Work required ▸ Give the listing back in full, exactly as written, with the pictures removed.

═══ Recorded information ═══

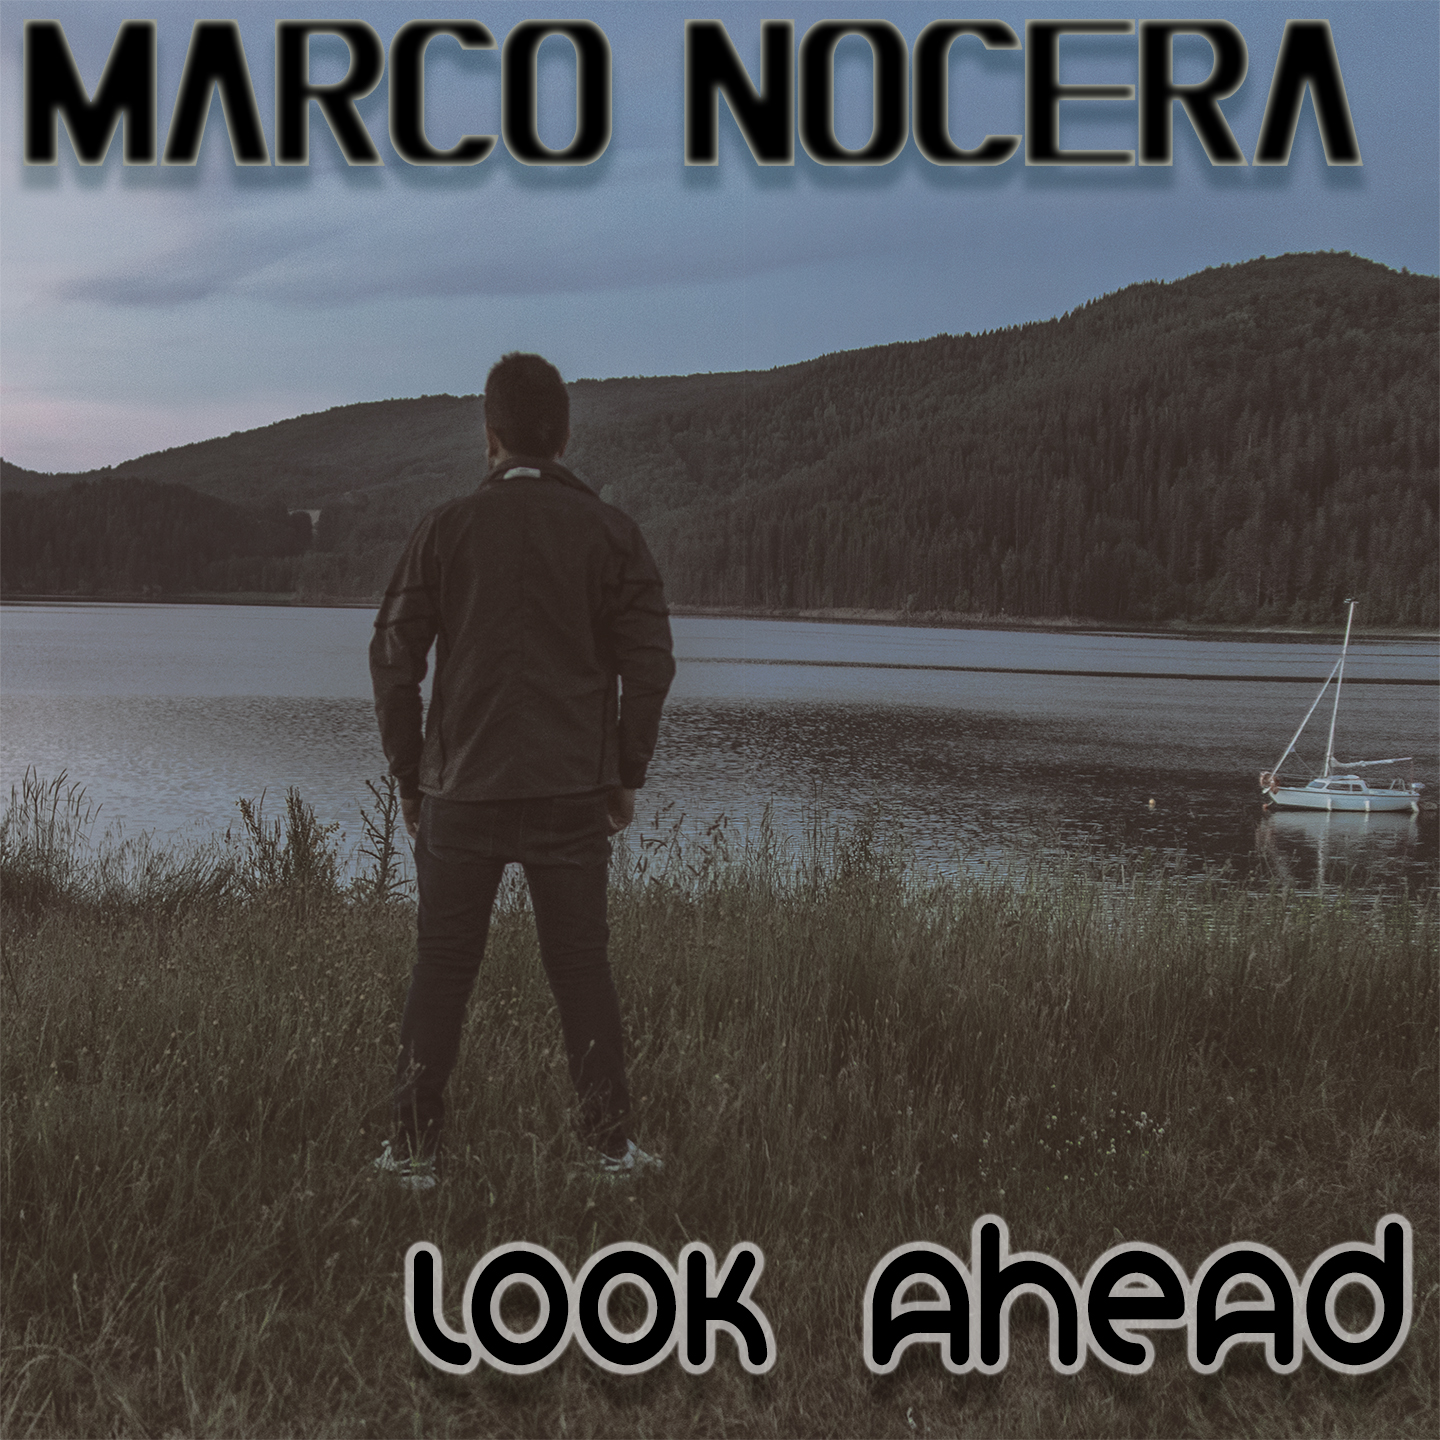 Esce oggi, 24 settembre, “LOOK AHEAD” l’album dell’artista brindisino Marco Nocera su etichetta Music Force
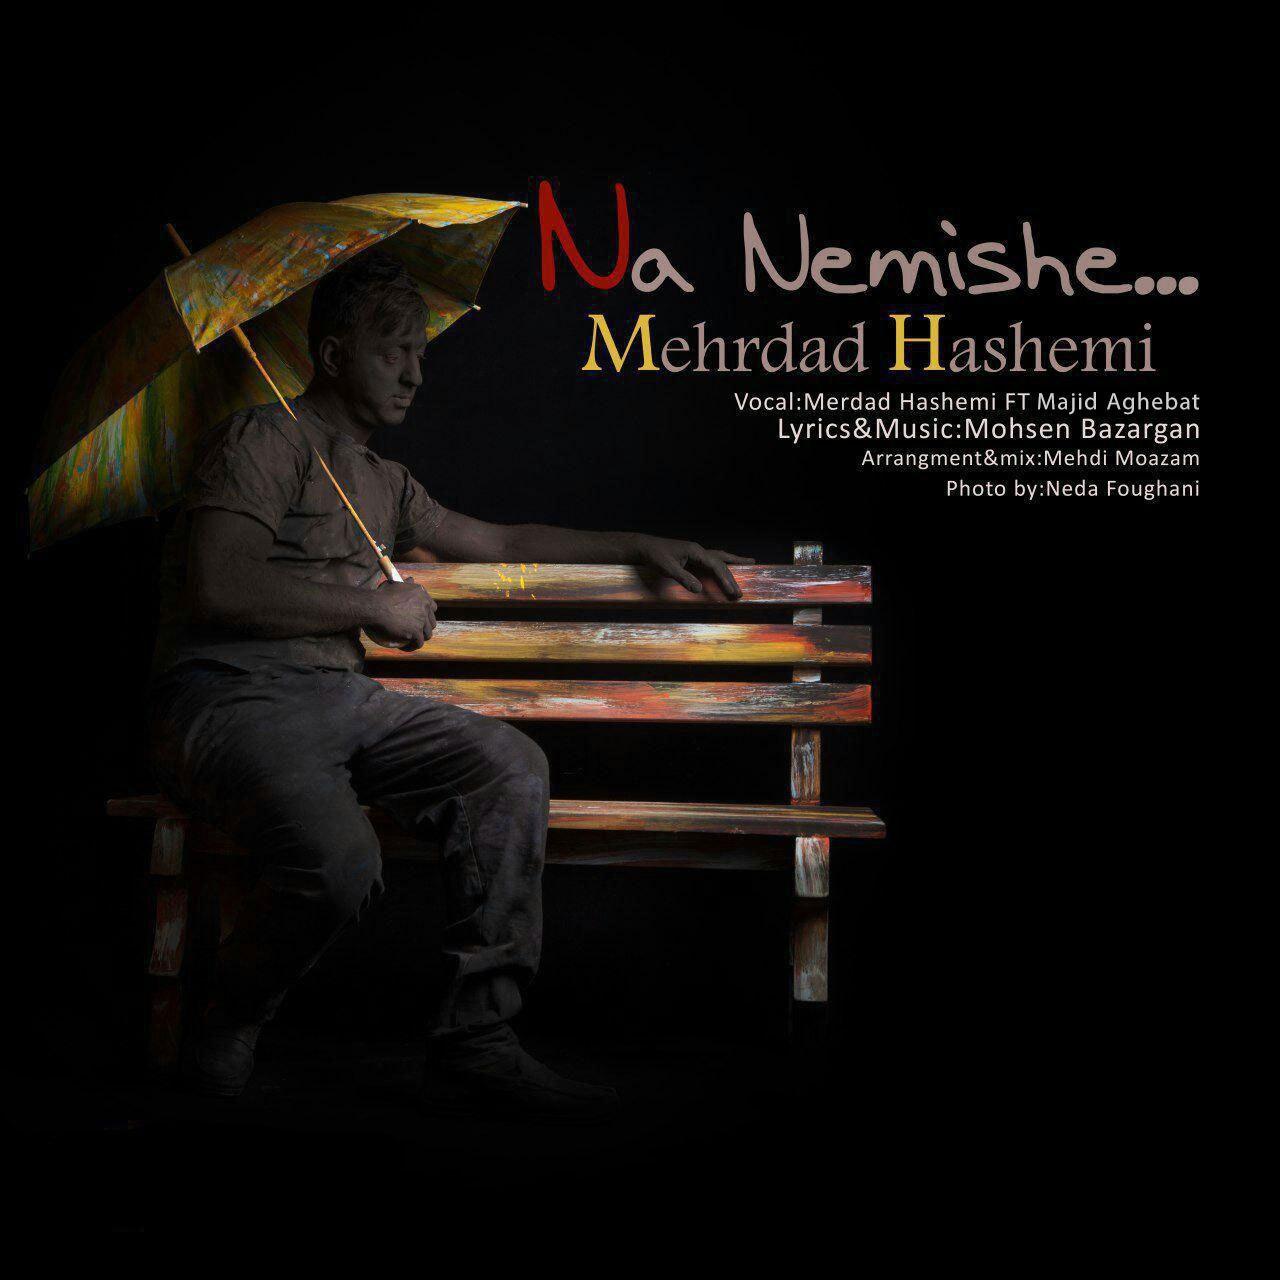  دانلود آهنگ جدید مجید عاقبت و مهرداد هاشمی - نه نمیشه | Download New Music By Majid Aghebat - Na Nemishe (feat. Mehrdad Hashemi)
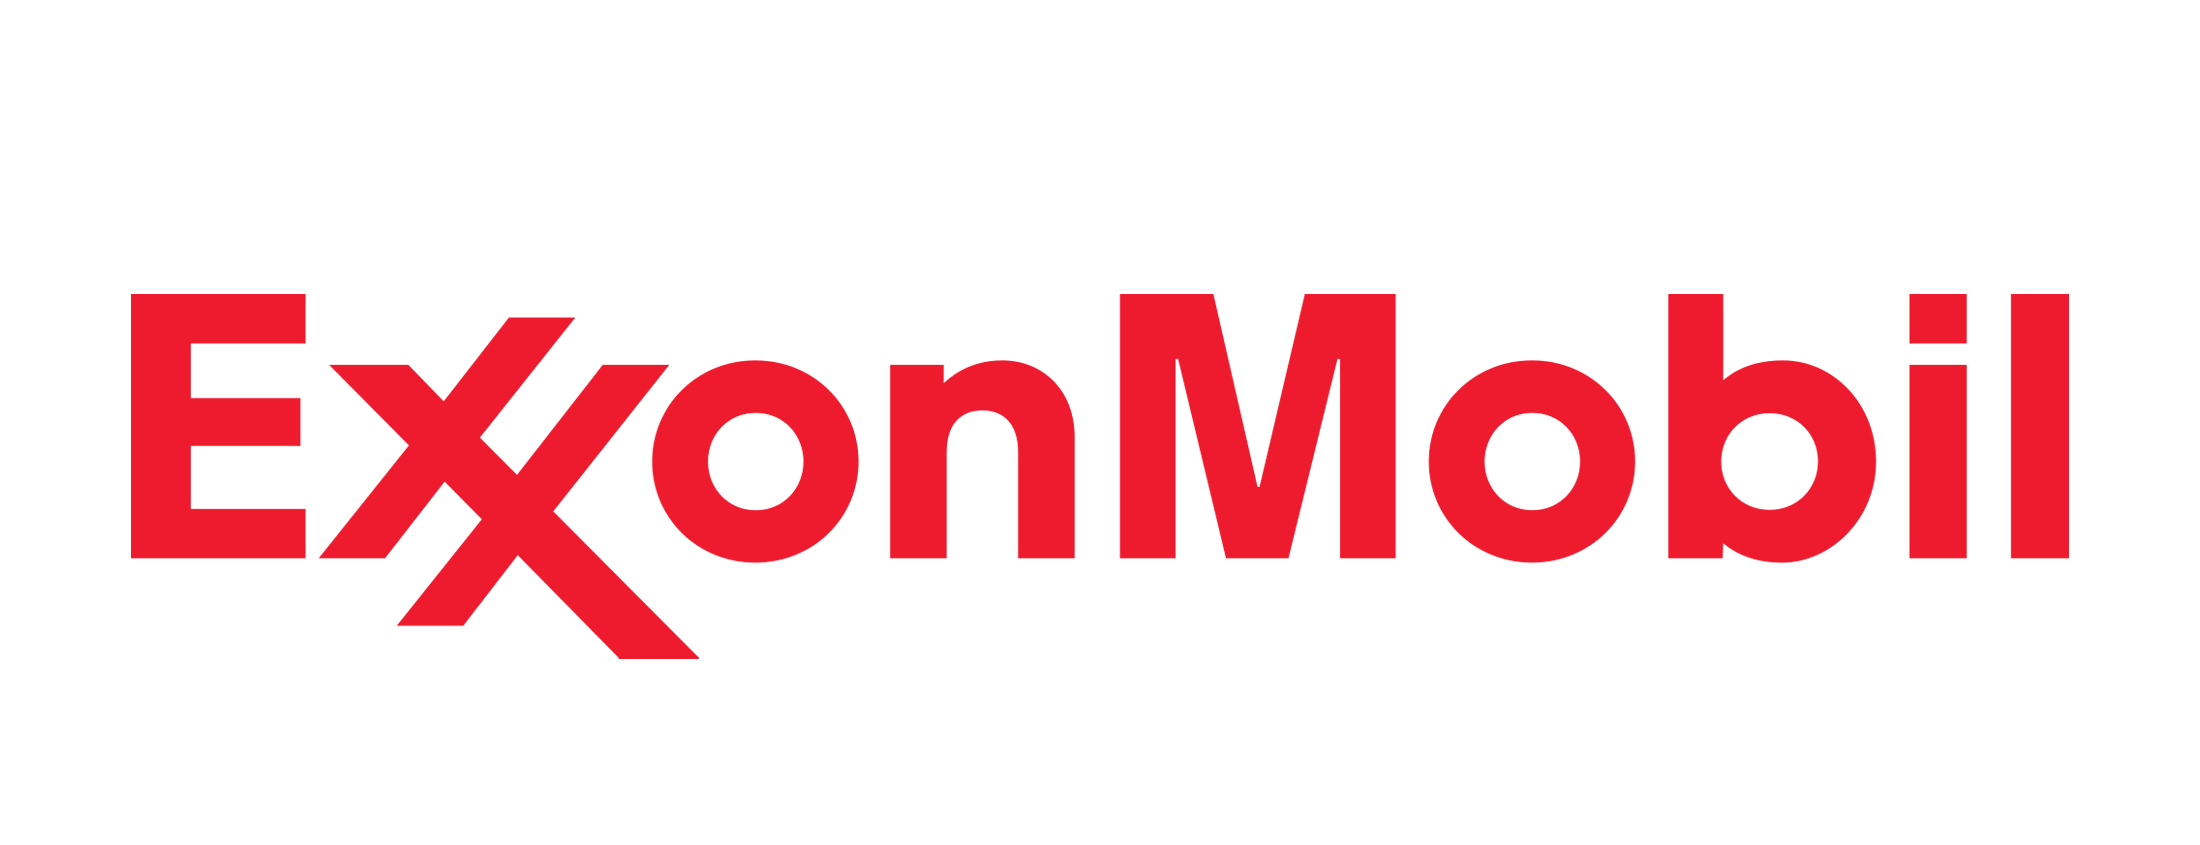 Exxon-Mobil-Logo

═══

Result of the exercise ▸
 Esce oggi, 24 settembre, “LOOK AHEAD” l’album dell’artista brindisino Marco Nocera su etichetta Music Force
  دانلود آهنگ جدید مجید عاقبت و مهرداد هاشمی - نه نمیشه | Download New Music By Majid Aghebat - Na Nemishe (feat. Mehrdad Hashemi)
 Exxon-Mobil-Logo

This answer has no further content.